Chris DeSimone (15:38):
Like I said, I’m not saying I was using GoodRx – I haven’t used GoodRx in a while. It’s just that dynamic, right? So don’t feel bad. Andy said that no one could answer [that question] at the congressional hearing, either.
Chris Faddis (15:51):
Yeah, I wish they would ask me though. They’ve had several. One thing that I like is they’ve had several congressional hearings in the last few weeks on price transparency and it’s been great to see. I’m glad that your listeners got to hear the public shaming of Chris DeSimone for not using his Solidarity Membership rate, by the way. But we won’t do a hearing, we don’t need to do a congressional hearing on that. We’ll just, we’ll talk after the show.
Chris DeSimone (16:12):
That’s all right. I’m being constantly publicly shamed. It’s not a problem. <laugh> So let’s get back to the advocacy for your Catholic Members of Solidarity, right? Talk about the advocacy of what you and the team do for your Members in relation to not just the ravages of crazy, unpredictable high pricing, but also the moral side of it.
Chris Faddis (16:41):
Yeah, and just to be clear, obviously we welcome people of all faiths in the Ministry and we do it in a Catholic context, right? So we’re always gonna protect your morals when it comes to the life issues and those values, and make sure that you’re not paying for those things for other folks. But also, you know, [we] help make sure that doctors aren’t steering you [or your family members] in the wrong direction. So that’s an important piece.
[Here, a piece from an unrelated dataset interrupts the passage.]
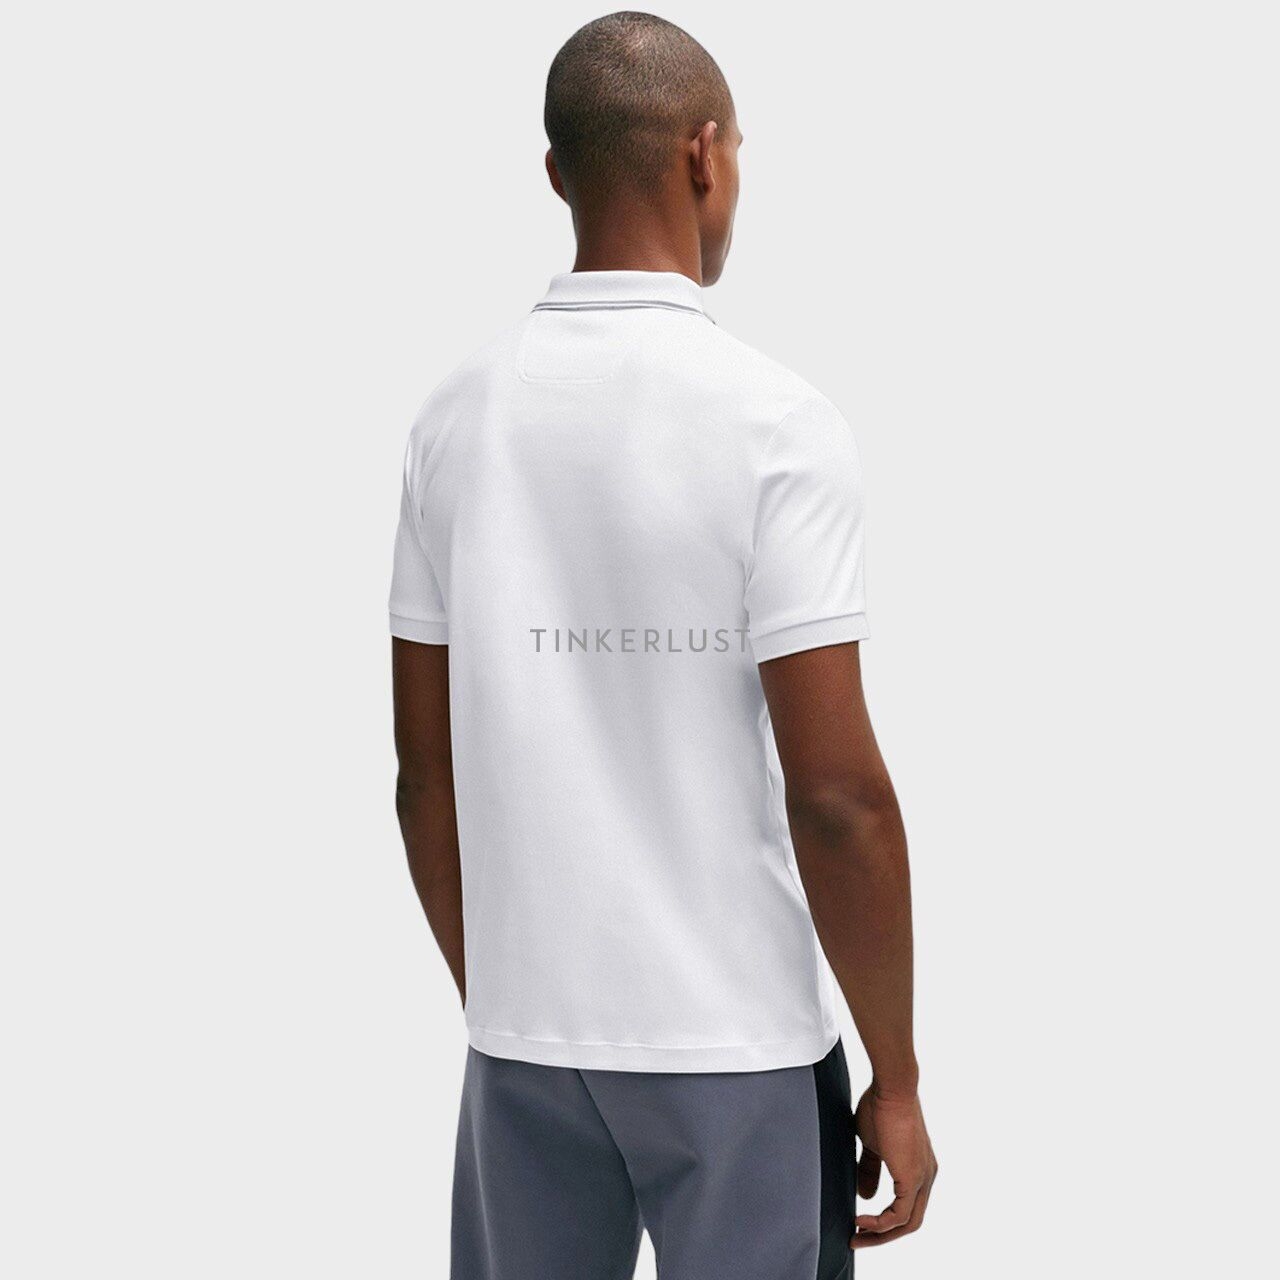 Hugo Boss Men Interlock Slim-Fit Polo Shirt in White with Collar Graphics

There’s lots of ethical issues in healthcare. We feel that being in the position we are, we’re able to stand in the way of those, and help Members and lead them on the right path to the things that we can share into. And then you don’t have to worry about paying for these [unethical] things in your health program, like transgender surgeries and abortion drugs and all these things. So Solidarity is there to do that. We share our medical bills. Chris is a faithful Member. I think you’ve been a Member for, what, four or five years now, right Chris?
Chris DeSimone (17:35):
At least a few. Four. Four sounds right.
Chris Faddis (17:37):
Yeah, it was before ‘Rona. That’s right. So, Members can share each other’s medical bills and then know that they’re being protected from those things. And like I said, [Solidarity is] the first healthshare to offer a pharmacy sharing program that is transparent and that the rebates go back to the Members. So that’s an exciting thing. And we’ll just continue fighting this fight. And let me tell you, Chris, if this Obamacare rule, section 1557, does go into effect – we’re still kind of analyzing all the effects of the rule – but it appears that there’ll be very few health plans that won’t be affected by that rule. So health sharing may be the only option for folks to make sure they’re not paying for those kind of procedures.
Chris DeSimone (18:21):
Amen. All right. Well, Chris, keep up the good work. As always, always enjoy our conversations and again, I keep saying it: next time I’m up to Phoenix, I’ll give you a holler and we’ll uh, go break bread someplace. Okay?
Chris Faddis (18:31):
Let’s do it. All right. God bless
Chris DeSimone (18:32):
You too, my friend. Chris Faddis of solidarityhealthshare.org.